Written by Lorna Pickford (02/Apr/03)
Page 5 of 6

Untitled Document

Computer games possess a level of interactivity that movies do not. Even when sat in the front row of your local flea pit, or multiplex for the city dwellers amongst us, with the screen filling your field of vision entirely, you are not the one initiating the events unfolding in front of you. The recent film Minority Report portrayed a future in which potential murderers were arrested and sentenced before they ever commit the crime. One of the subtler upshots of this was a thriving virtual reality entertainment industry, one aspect of which made money from selling fantasy experiences to individuals who wished to kill someone they knew. Satisfaction guaranteed of course, except for the annoying triviality of the person you wished dead still being alive. The leap between current game quality graphics and this kind of future fantasy land is extreme but not unachievable by any means. A more realistic middle ground, and one that will probably happen within the next few years, is virtual reality game environments which provide all the sensory input required to make a scenario real, but lack the personal and some what unnerving element of real people transposed onto the characters.
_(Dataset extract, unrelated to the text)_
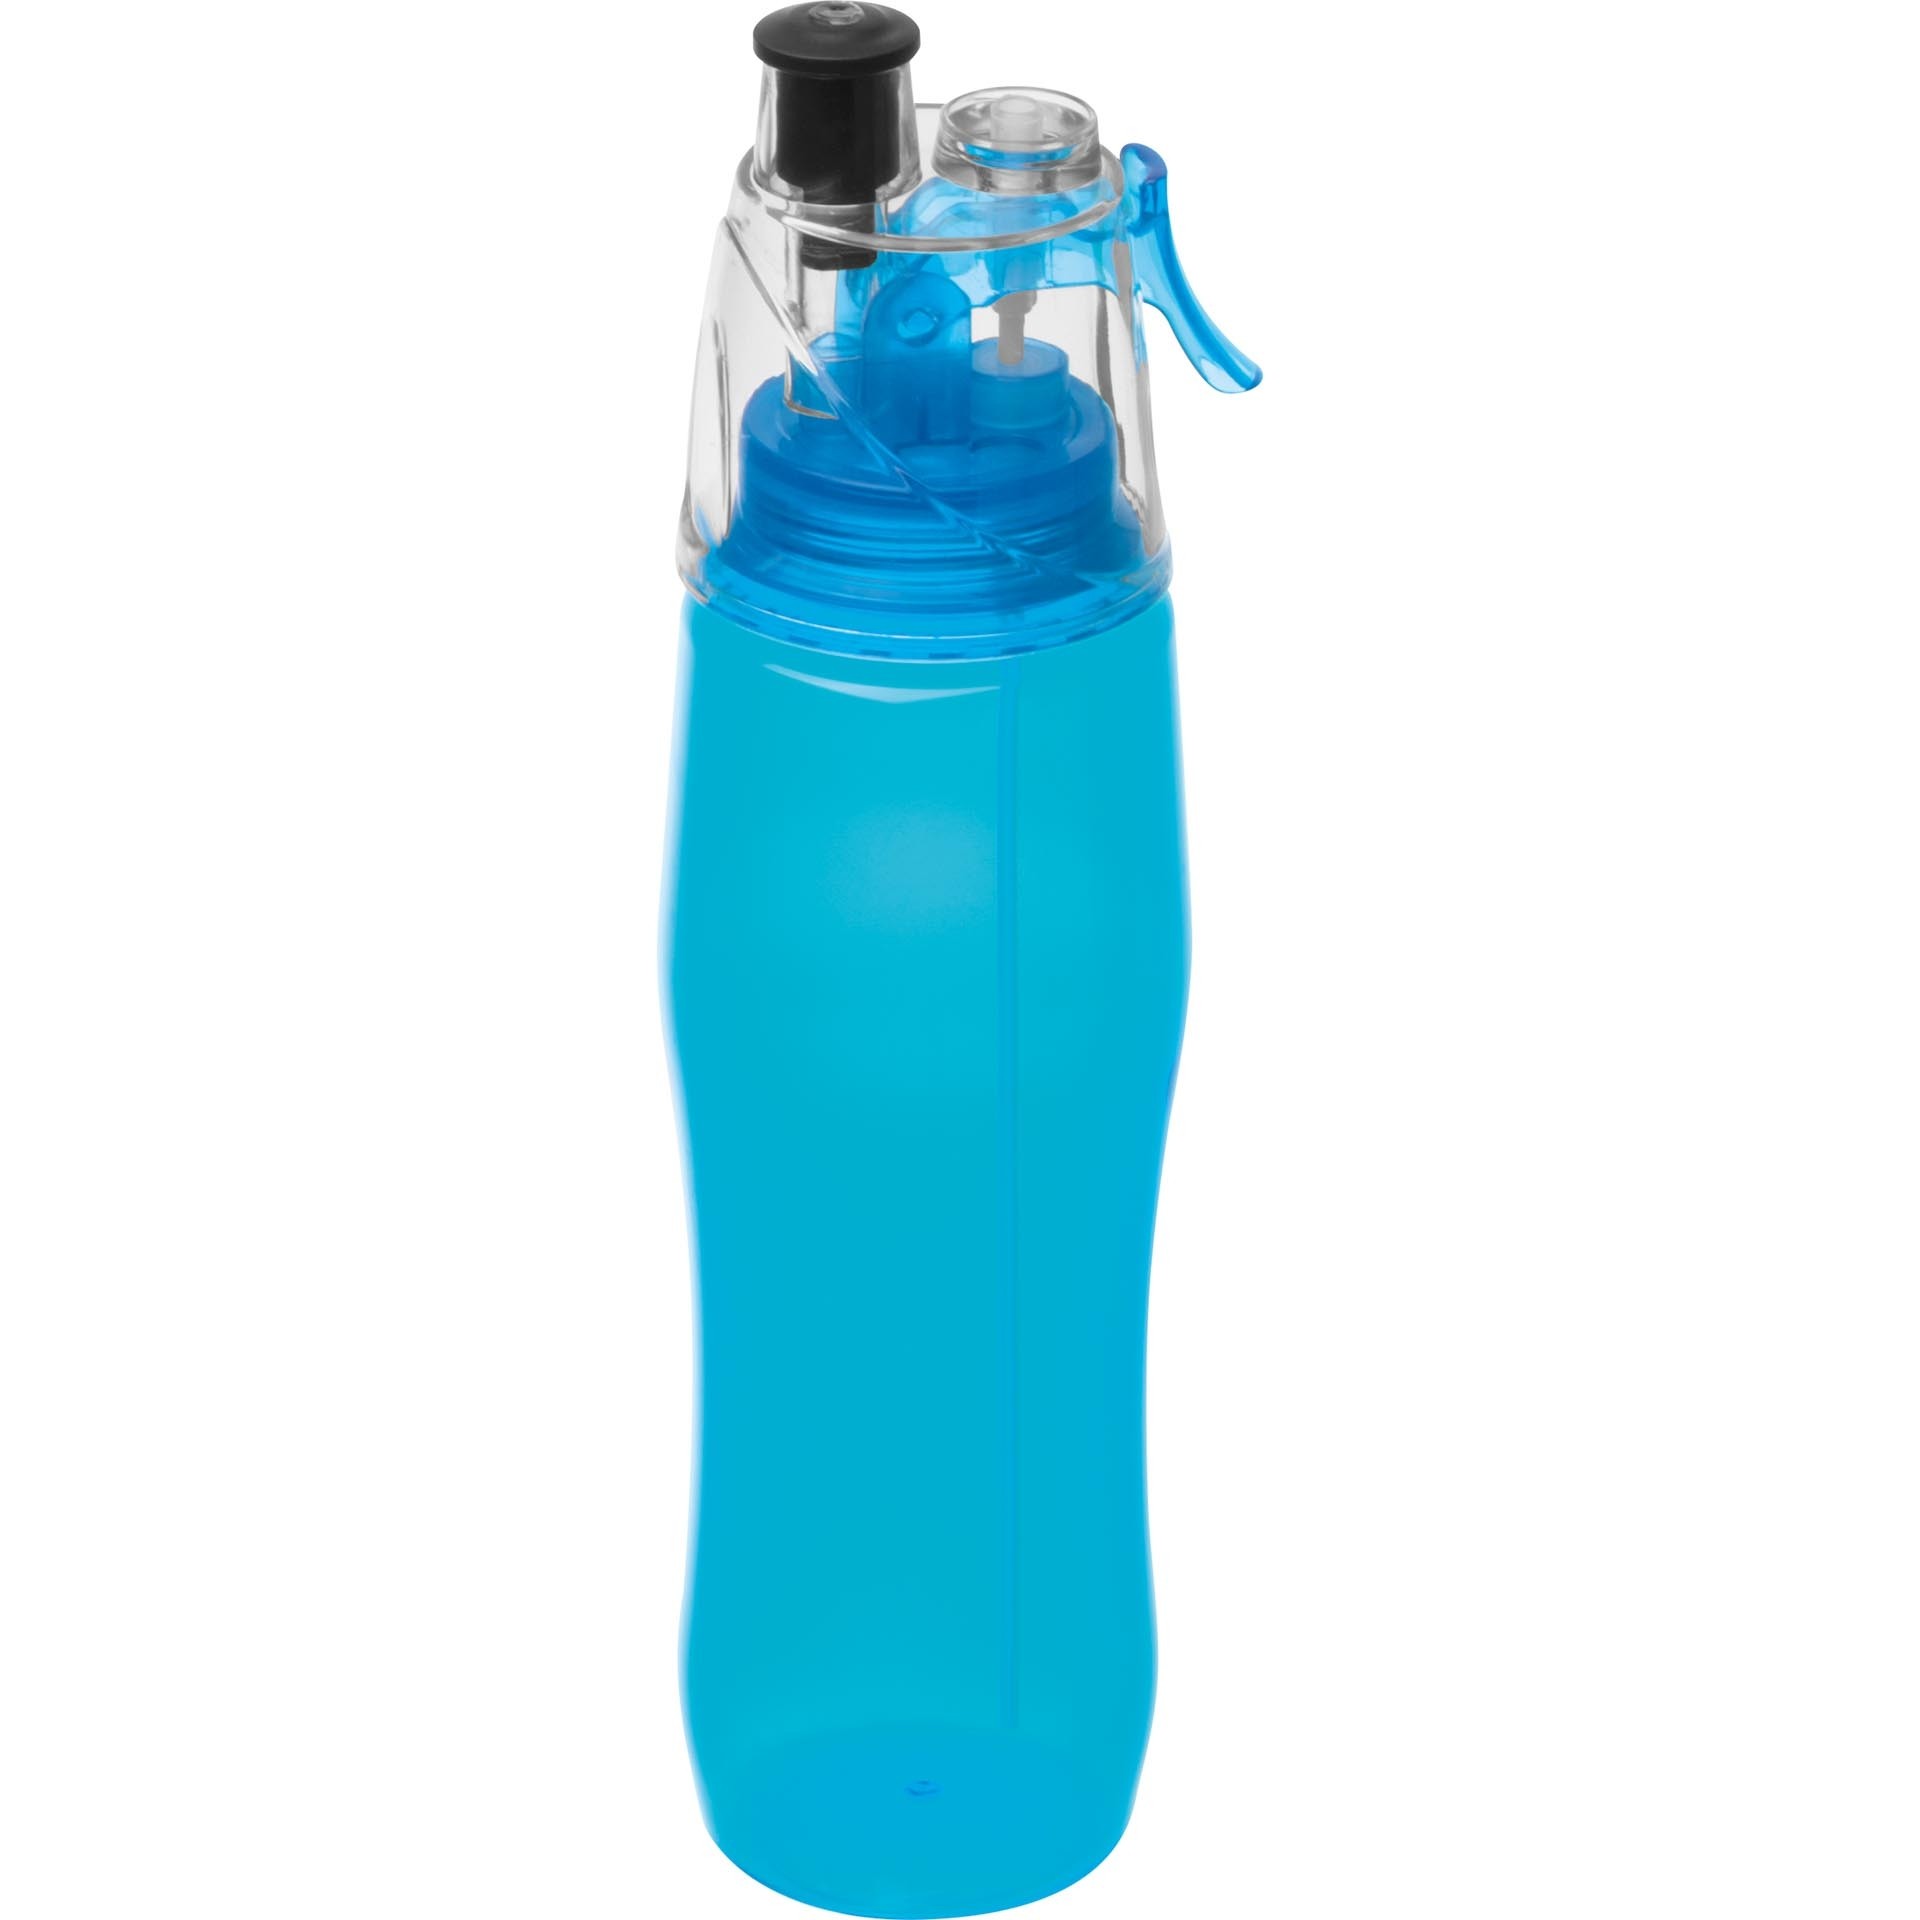 Sporttrinkflasche mit Sprayfunktion , hellblau

When a game becomes so real that you can see, hear, feel, perhaps even smell the "person" in front of you as you gun them down, does it become immoral? After all, there still would be no consequences to deal with after pulling the trigger. However, when the act is that "real", does it cast assumptions on the character of the game player? Is it right to live out that kind of urge, albeit in a virtual way? Is willingness to pull the trigger and watch a death wrong, when no one actually dies?

Currently computer games remove the player from the blood and gore that result from real world occurrences of physical violence, even though they are depicted on the screen. The whole experience is very antiseptic, despite blood and bits of people flying around and characters remaining in view lying on the ground bleeding to death, because it's still quite obviously, just computer generated pictures and not real footage. Most people have never stood in the middle of a battlefield as war is waged around them. Neither have I but I don't need to in order to state quite categorically that I wouldn't want to. The beginning of Saving Private Ryan, depicting the D-Day landings in Normandy, is a sequence of images well known and burnt into public consciousness. Scenes such as that are enacted across the globe, in darkened bedrooms and in office cubicles thousands of times a day without a second thought. One day, computer graphics will be as good as that footage. One day, you will be able to stand in the middle of that battle field, joystick in one hand, beer can in another. It would take a stronger person than I to play though a level like that more than once.

Hard to stomach? Almost certainly. Distasteful or disrespectful? Quite possibly. Morally right or morally wrong? I don't know that I could play a game like that which to me would be an indication that I believe it to be wrong. Another issue to think about is the subject matter on which the game is based and just how much bloodshed there is. Until faced with such a situation and the choice of whether to play or to decline the offer I really have no idea. Peer pressure and curiosity alone will likely be enough to coax people into "playing" once.